Medusa’s basic usages:
|$ medusa -h <target> -u <username> -P <wordlist> -M <module>|
Note: The “-e ns” instructs Medusa to additionally check if the administrator account has either a blank password or has its password set to match its username (administrator).
Medusa is fast but has no luck. I could try more username and password combinations, but I move on to another service. I work the Postgres service. PostgreSQL is a robust, open source object-relational database system. It has more than 15 years of active development and a proven architecture that has earned it a strong reputation for reliability, data integrity, and correctness. It runs on all major operating systems, including Linux, UNIX (AIX, BSD, HP-UX, SGI IRIX, macOS, Solaris, Tru64), and Windows (“About,” n.d.).
I use Kali’s supplied “postgre_default_user” for usernames, and I use the same list for passwords. As a first step, it is a best practice to check if users are using their usernames as passwords (or no password at all).
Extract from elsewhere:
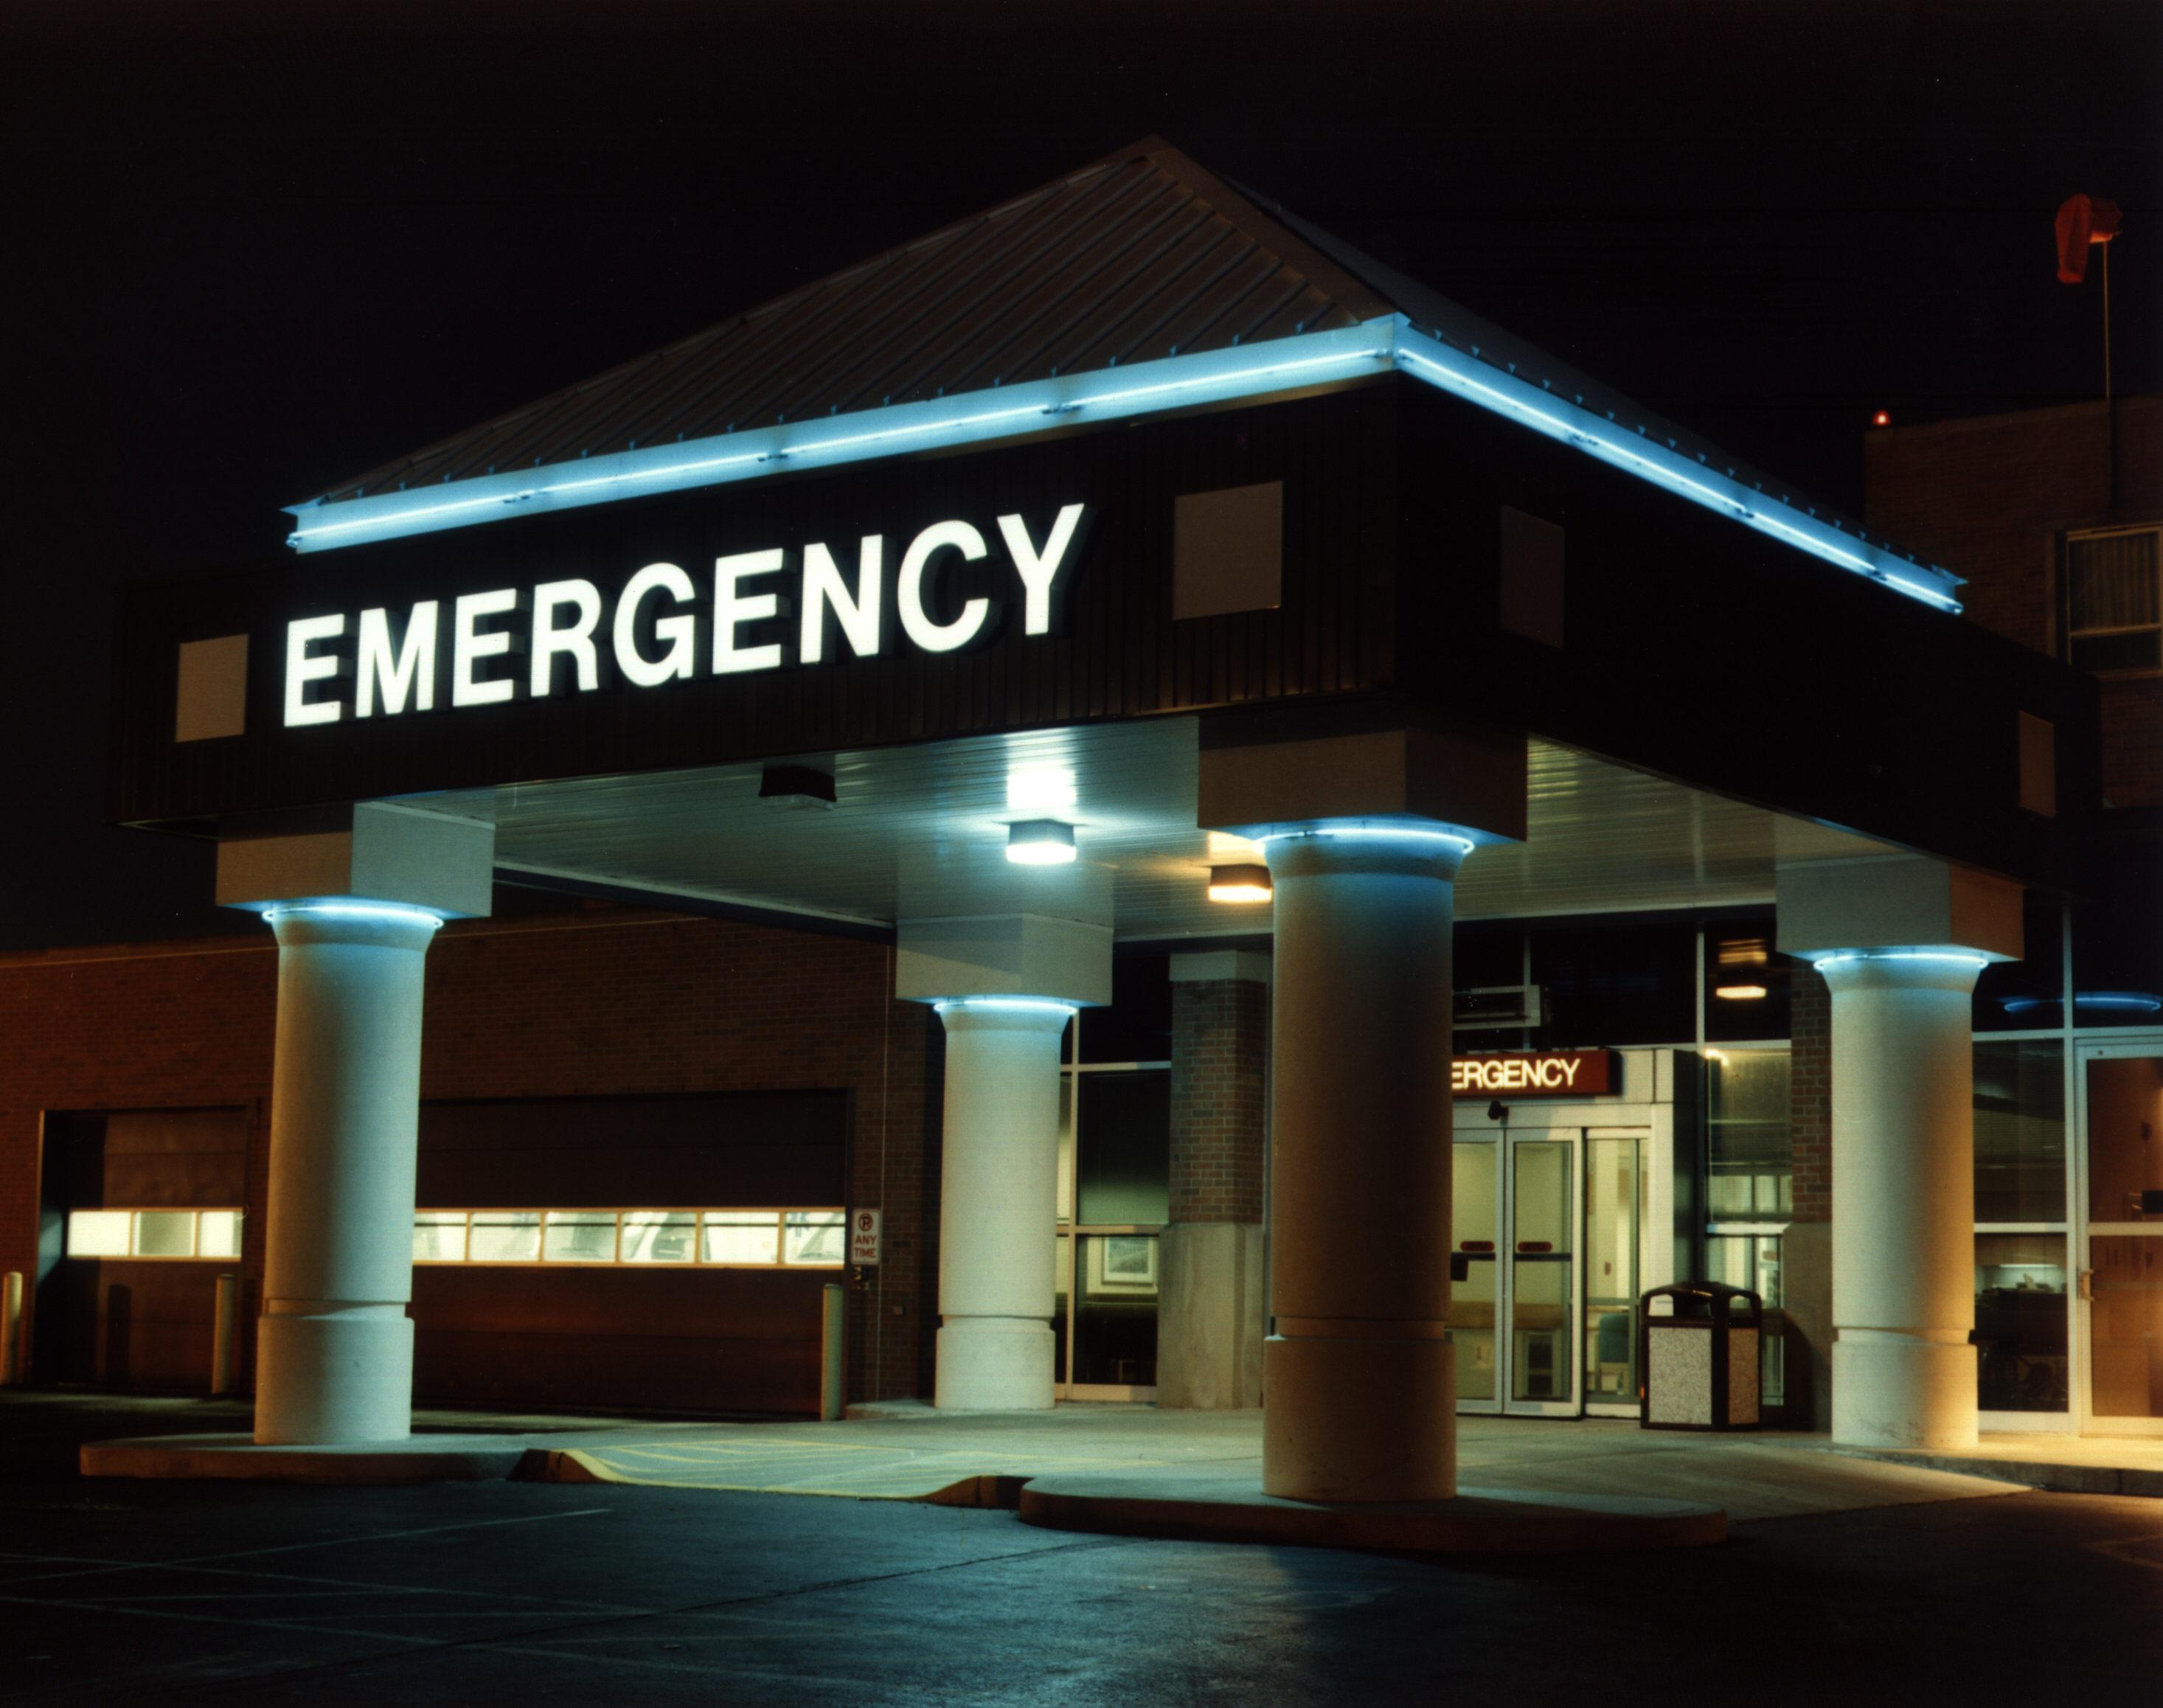 howard double emergency.jpg

And this time I include the -F option that instructs Medusa to stop the audit after the first valid username/password found. We get a hit on User postgres, Password: postgres:
I decide to circle back and unleash the full power of Medusa on the SMB again. This time I use a list of 44 usernames that I harvested through a variety of means from Metasploitable 2 (See https://pdrcybersecurity.com/tag/user-enumeration/) and the Top 500 Worst Passwords of All Time list (“Whats,” n.d.).
This time I run Medusa and add the -t option, the -L option. The -t option instructs Medusa to check ten users concurrently. The -L option tells Medusa to parallelize by the user, meaning each of the ten threads targeting a host checks a unique user. I also include the -F option again that instructs Medusa to stop if it finds a valid username and password combination. Medusa finds no username or password combinations:
Next, I use the same username list of 44 usernames that I harvested through a variety of means from Metasploitable 2 but use Kali’s “password.lst” that contains 88,396 passwords. Again Medusa finds no username or password combinations. But the point and process are clear.
Cybersecurity Framework Control Mapping
As per the Framework for Improving Critical Infrastructure Cybersecurity, Version 1, Protect (PR) function: Access Control (PR.AC): Access to assets and associated facilities is limited to authorized users, processes, or devices, and to authorized activities and transactions, including PR.AC-1: Identities and credentials are managed for authorized devices and users (“Cybersecurity,” 2014).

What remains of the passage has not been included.